July 1841 · Arkansas Supreme Court
3 Ark. 491

Baker, alias Beiquett, against The State.

Appeal from Pulaski Circuit Court.

A judgment is not the determination and sentence of the Judges, but of the law.

The style of it, therefore, is not “It is ordered,” or '‘resolved by the Court,” for then the judgment might be their own; but, “ it is considered,” which implies that the act is none of their own, but the act of the law, pronounced and declared by the Court, upon determination and inquiry.

And if the words “ it is considered” are wanting, there is no judgment, and no appeal will lie.

Dickinsow, J.,

delivered the opinion of the Court:

The defendant was tried at the March term of the Circuit Court of Pulaski county, upon an indictment containing two counts: one for shooting at, with intent to kill, Jacob Faulkner; the other for shooting, wounding, and disabling him.

The jury returned a verdict of guilty upon both counts, and sentenced him to imprisonment in the Penitentiary for five years. After the entry of the verdict, the record proceeds as follows: “On this day came the Attorney for the State, and the said defendant was brought to the bar of this Court, in the custody of the Sheriff, and the Court proceeded to pass the sentence of the law on the said defendant, in accordance with the verdict of the jury in this case, as follows, to wit: Ordered by the Court, that the said defendant, Franklin T. Baker, alias Franklin T. Beiquett, be committed to the Jail and Penitentiary house of the Stale of Arkansas, for the full space and term of five years from the twenty-sixth day of March, A. D. 1841, for shooting with intent to kill; and that he pay all the costs of this prosecution, and stand committed until the sentence of the law is fully complied with.”

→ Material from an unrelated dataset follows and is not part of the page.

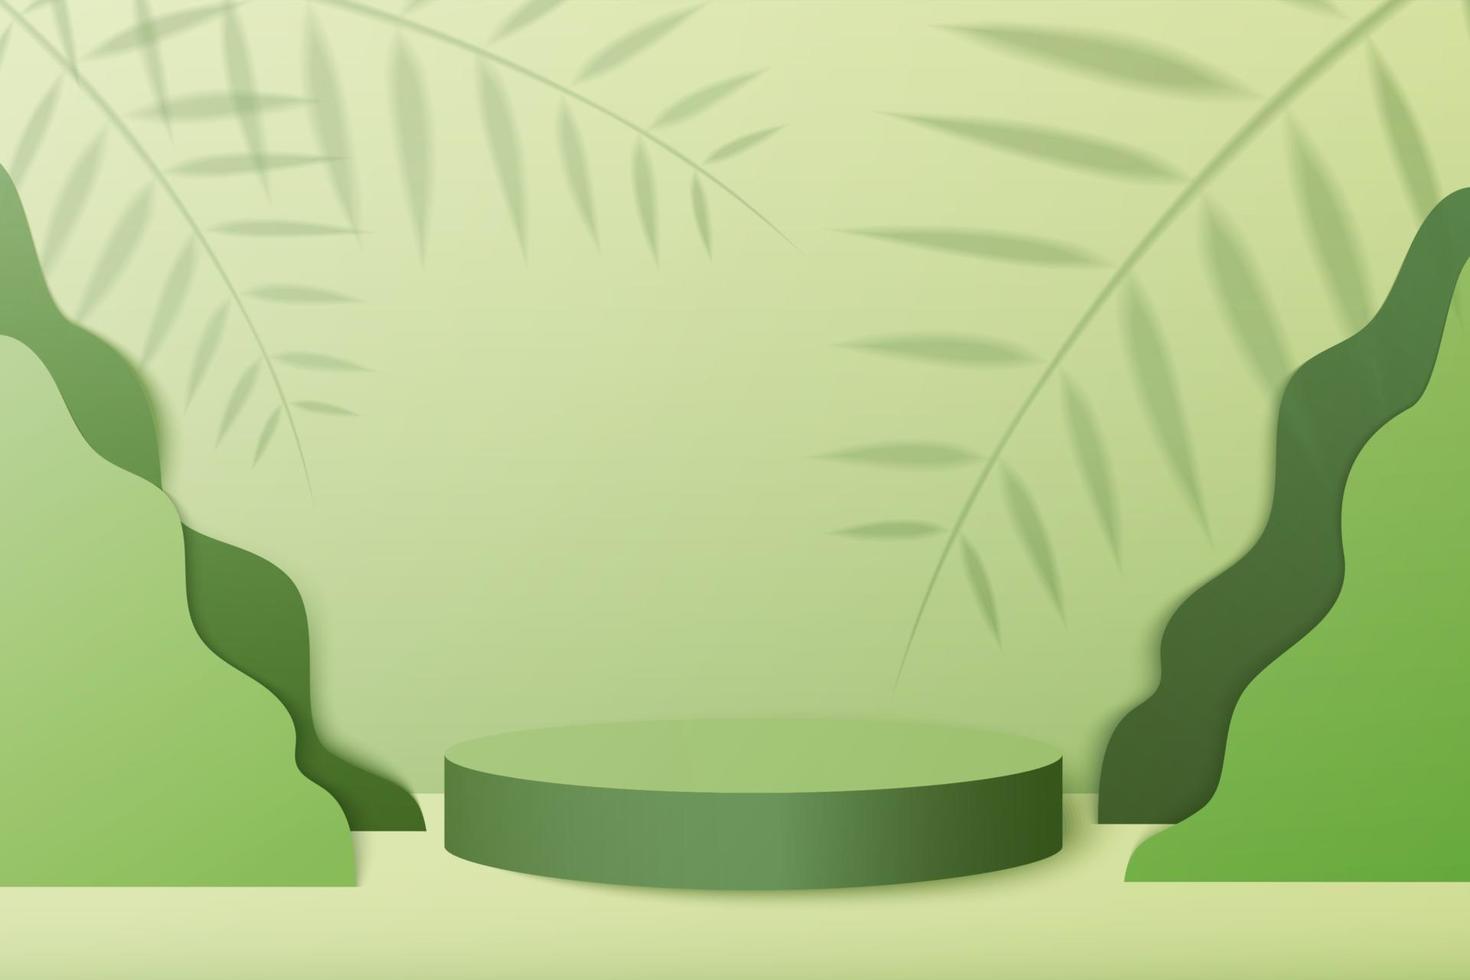 abstracte minimale scène met geometrische vormen. cilinder podium op groene achtergrond met groene plant bladeren. productpresentatie, mockup, showproduct, podium, podiumsokkel of platform. 3D-vector vector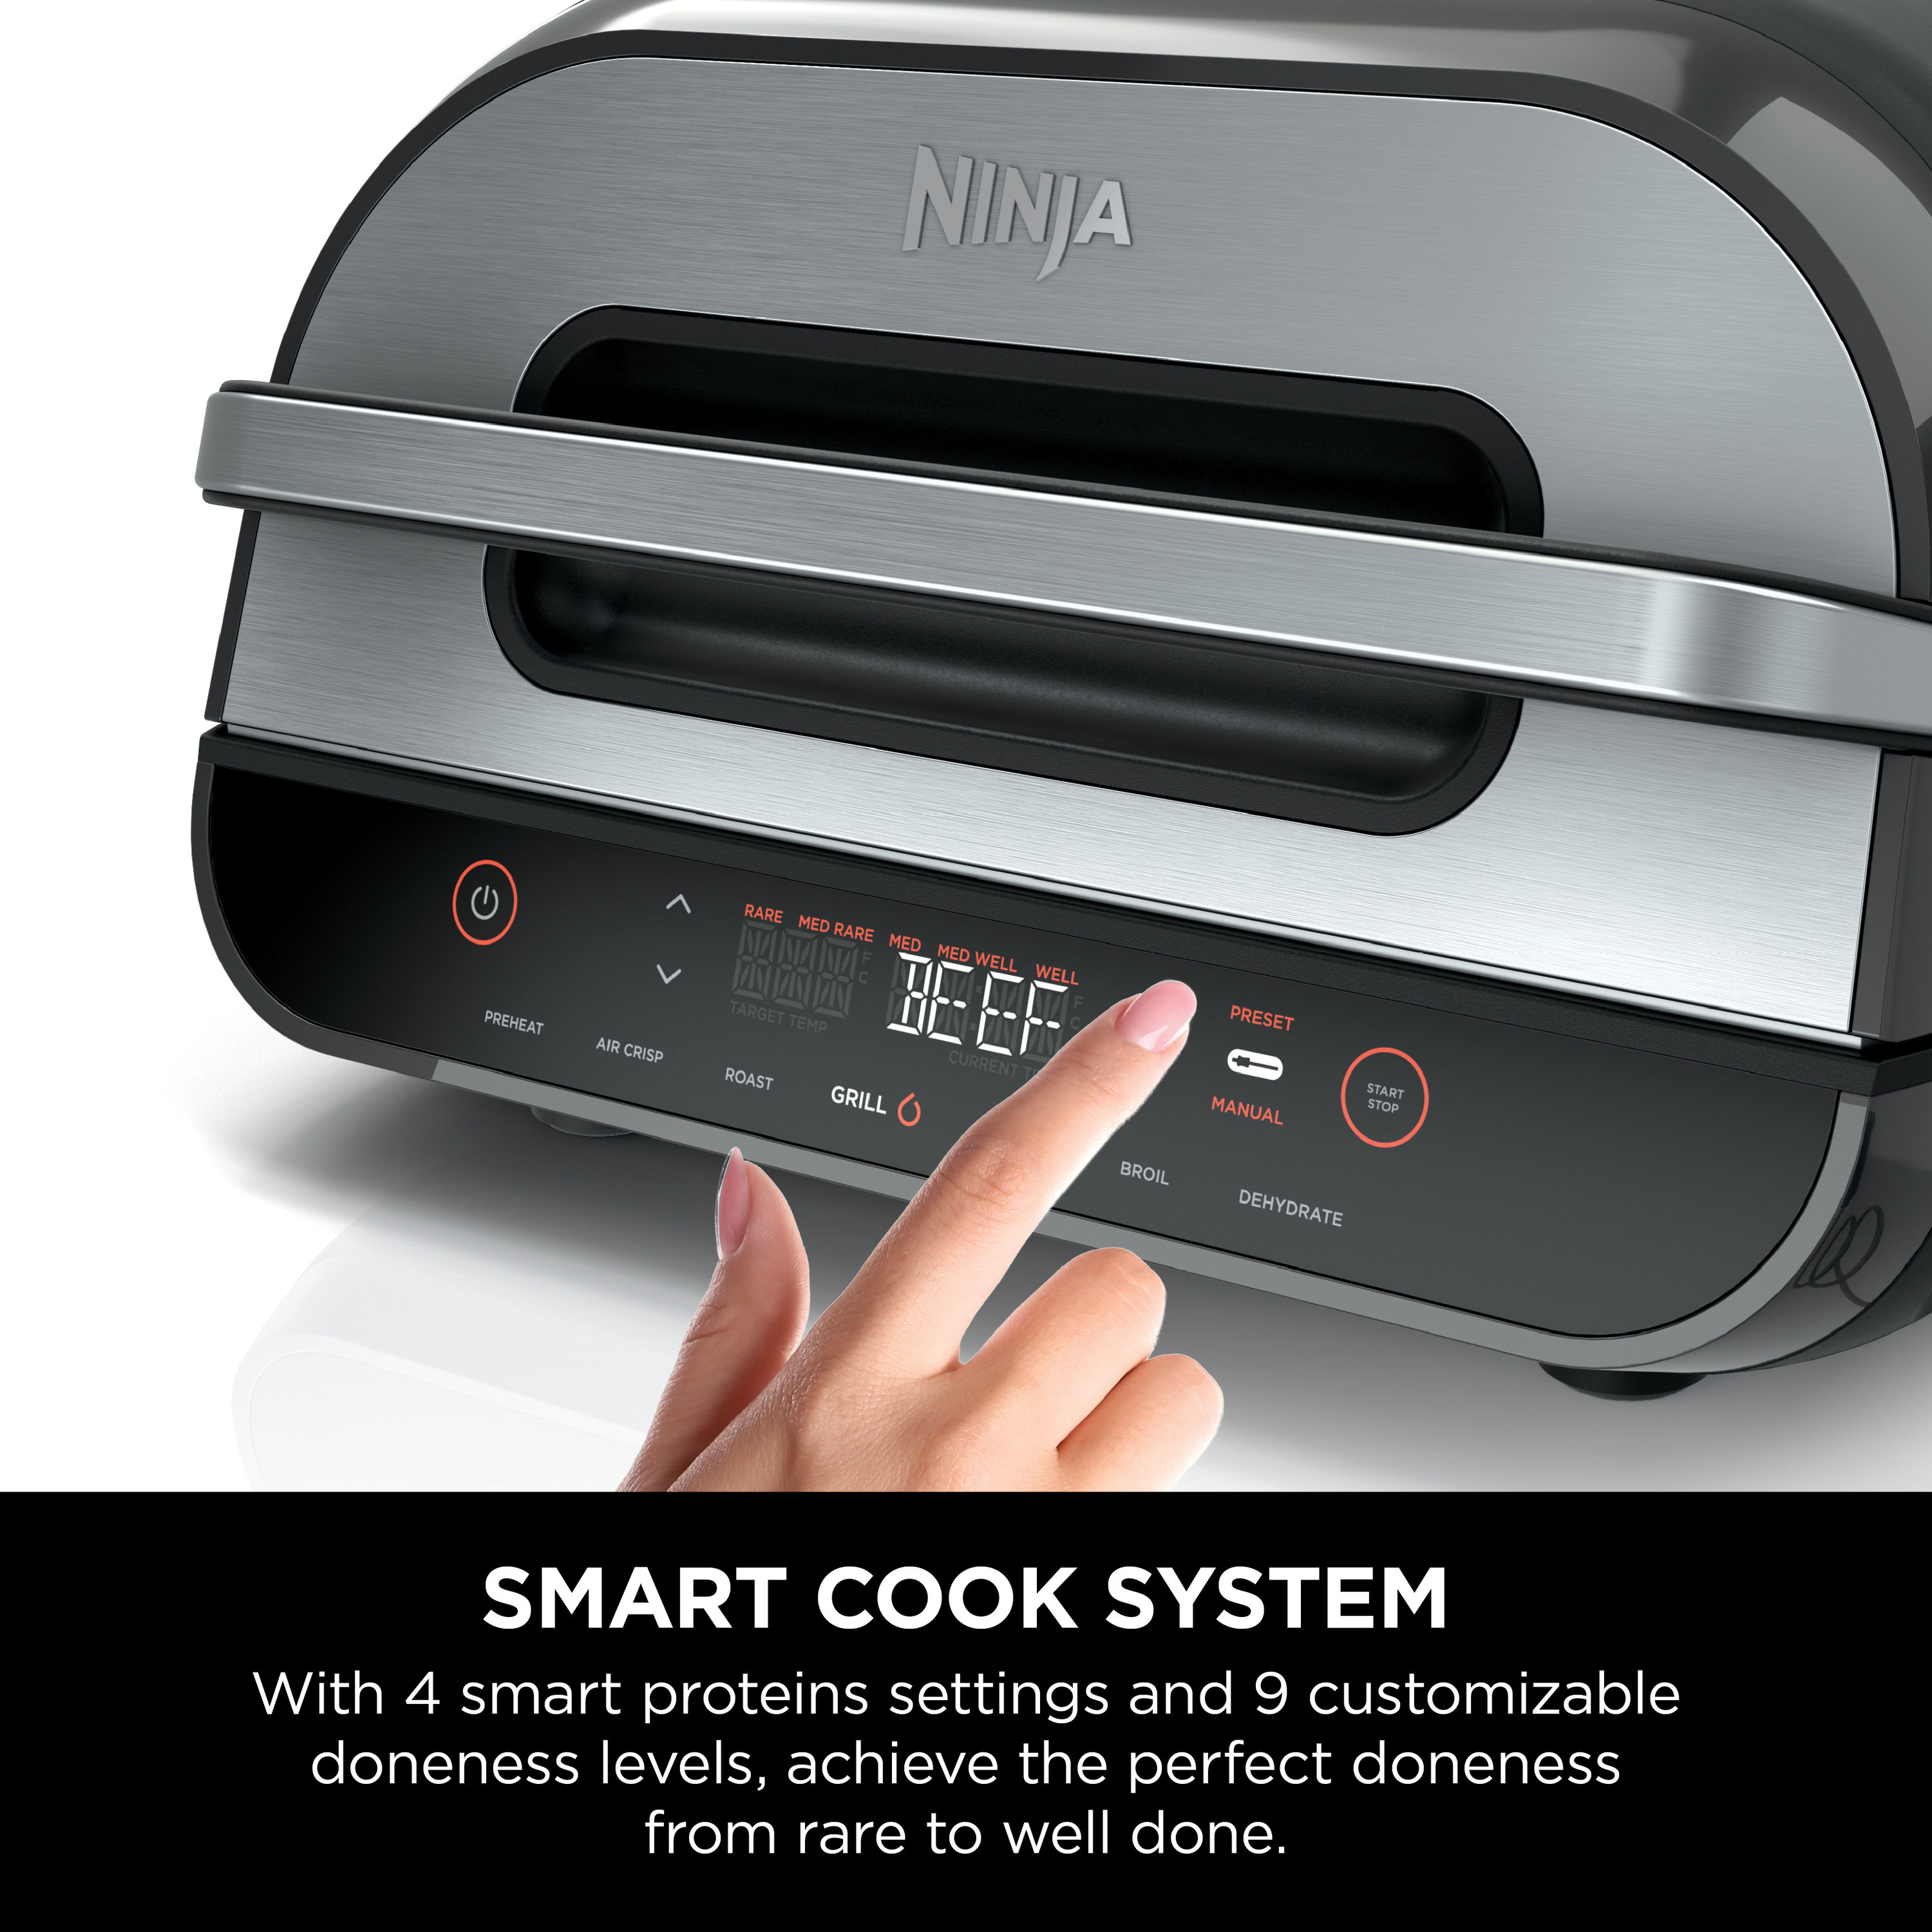 Ninja Foodi Smart XL Grill

The record being moved into this Court by appeal, various errors were assigned. But as this Court can take jurisdiction in cases of appeal, or writ of error, only when final judgment has been entered in the Court below, it becomes necessary to consider, first, whether there has been such a final judgment in the case.

*492A judgment, though pronounced or awarded by the Judges, is not their determination and sentence, but the sentence and determination of the law, which depends, not upon the arbitrary opinion of the Judge, but the settled and invariable principles of justice, and is the remedy prescribed by law for the redress of injuries; and the suit or action is the vehicle or means of administering it; and, therefore, the style of the judgment is not “ That it is ordered or resolved by the Court,” for then the judgment might be their own; but “It is considered”— “Consideralum est per Curiam,” which implies that the judgment is none of their own, but the act of the law, pronounced and declared by the Court, upon determination and inquiry.

Inasmuch, therefore, as no judgment has been entered below, and consequently no appeal can be taken to this Court, the appeal must be dismissed, and a writ of procedendo be issued to the Circuit Court of Pulaski county, to give judgment in this case according to law. 1 Chitty’s Crim. Law, 701; 8 B. & C., 196, and authorities there quoted; 1 Chitty’s Black., 312-13.